2. Politisasi Perencanaan
Di tingkat daerah, Renstra harus merupakan penjabaran dari janji politik kepala daerah (RPJMD). Sering kali, usulan teknis yang realistis dari ASN “ditabrak” oleh janji politik yang mungkin sulit dilaksanakan secara teknis namun harus masuk dokumen. Ketegangan antara logika teknokratis dan logika politis ini sering melahirkan Renstra yang “cacat” sejak lahir.
Strategi Menghidupkan Kembali Renstra
Agar Renstra tidak lagi berakhir di rak buku, diperlukan perubahan radikal dalam cara kita mengelola rencana:
- Integrasi Sistem Digital (E-Planning ke E-Budgeting): Memastikan secara sistem bahwa setiap rupiah yang keluar di RKA harus memiliki cantolan pada sasaran di Renstra. Jika tidak ada di Renstra, sistem harus menolak anggaran tersebut.
- Penyusunan Berbasis Data (Evidence-Based): Berhenti melakukan copy-paste. Gunakan data riil lapangan sebagai dasar penentuan target. Jika targetnya masuk akal, pegawai akan lebih termotivasi untuk mencapainya.
- Melibatkan Seluruh Lini (Partisipatif): Pimpinan harus memastikan bahwa penyusunan Renstra adalah kerja kolektif. Setiap bidang harus merumuskan targetnya sendiri agar mereka merasa bertanggung jawab untuk mewujudkannya.

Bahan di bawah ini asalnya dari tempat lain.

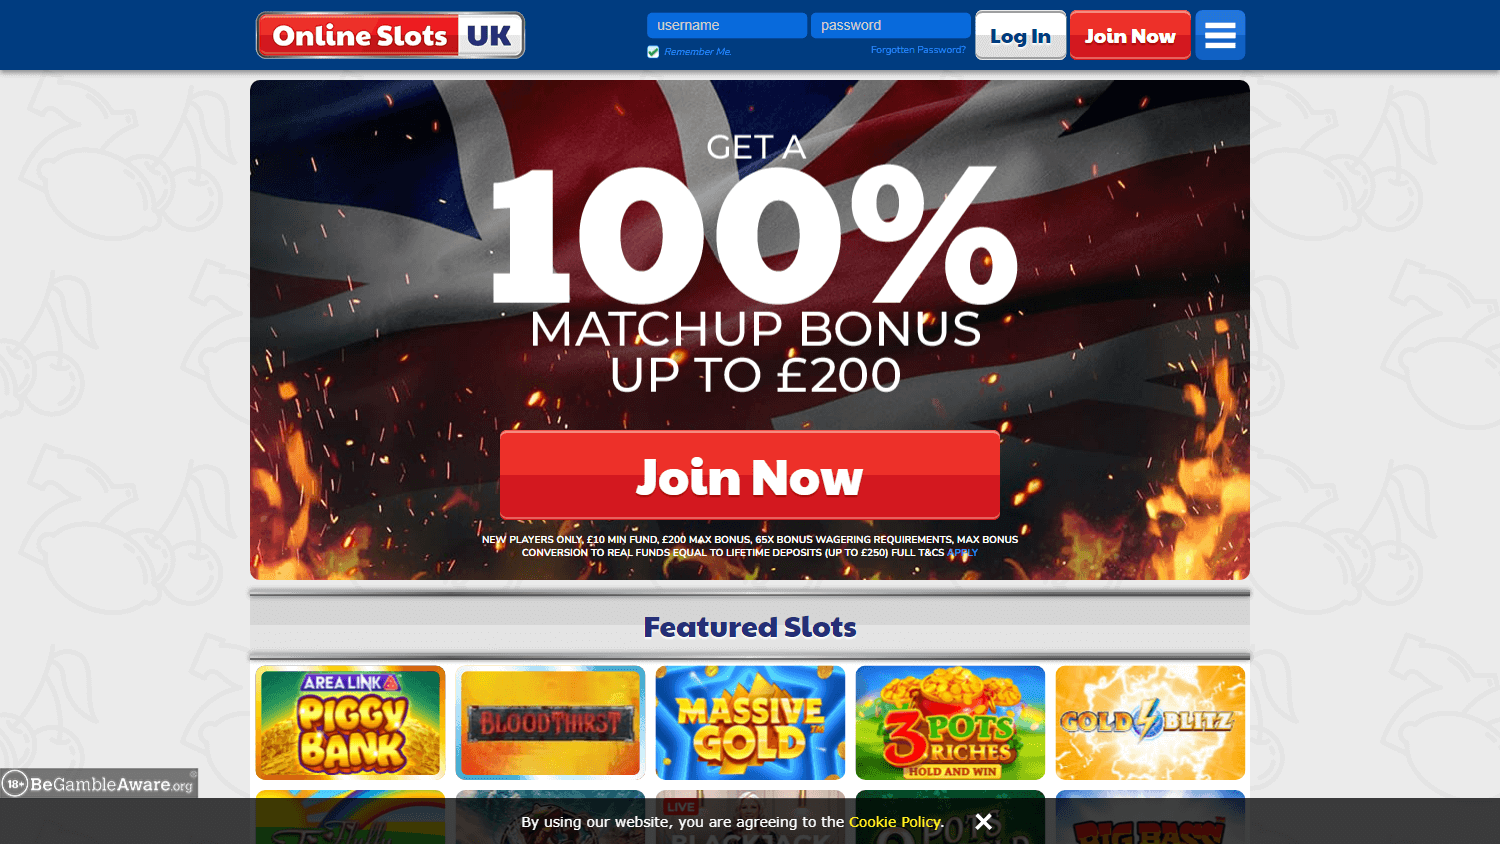 online_slots_uk_casino_homepage_desktop

- Fokus pada Outcome, Bukan Output: Berhenti mengukur jumlah rapat atau jumlah laporan. Mulailah mengukur perubahan apa yang dirasakan oleh rakyat. IKU yang bermakna akan membuat Renstra lebih dihargai.
Penutup
Renstra yang berakhir di rak buku adalah pemborosan sumber daya negara yang nyata. Bukan hanya pemborosan kertas dan tinta, tetapi pemborosan waktu dan kesempatan untuk membangun daerah secara lebih terarah. Dokumen perencanaan bukanlah tujuan akhir, melainkan alat untuk mencapai tujuan.
Sebuah rencana hanya akan hidup jika ia ada di dalam kepala dan hati para pelaksananya, bukan hanya ada di dalam rak bukunya. Sudah saatnya birokrasi kita berhenti memuja formalitas dan mulai menghargai substansi. Renstra harus menjadi dokumen hidup yang senantiasa didiskusikan di meja rapat, dirujuk saat mengambil keputusan sulit, dan menjadi standar moral dalam melayani publik. Jangan biarkan visi besar kita tertutup debu di rak buku, sementara rakyat masih menunggu perubahan nyata yang kita janjikan.
Kesimpulan: Renstra gagal karena sering kali disusun hanya untuk menggugurkan kewajiban administratif tanpa sinkronisasi anggaran dan rasa memiliki dari para pegawai. Mengubah Renstra menjadi dokumen operasional membutuhkan integrasi sistem yang ketat dan komitmen pimpinan untuk menjadikan rencana sebagai panglima dalam setiap pengambilan kebijakan.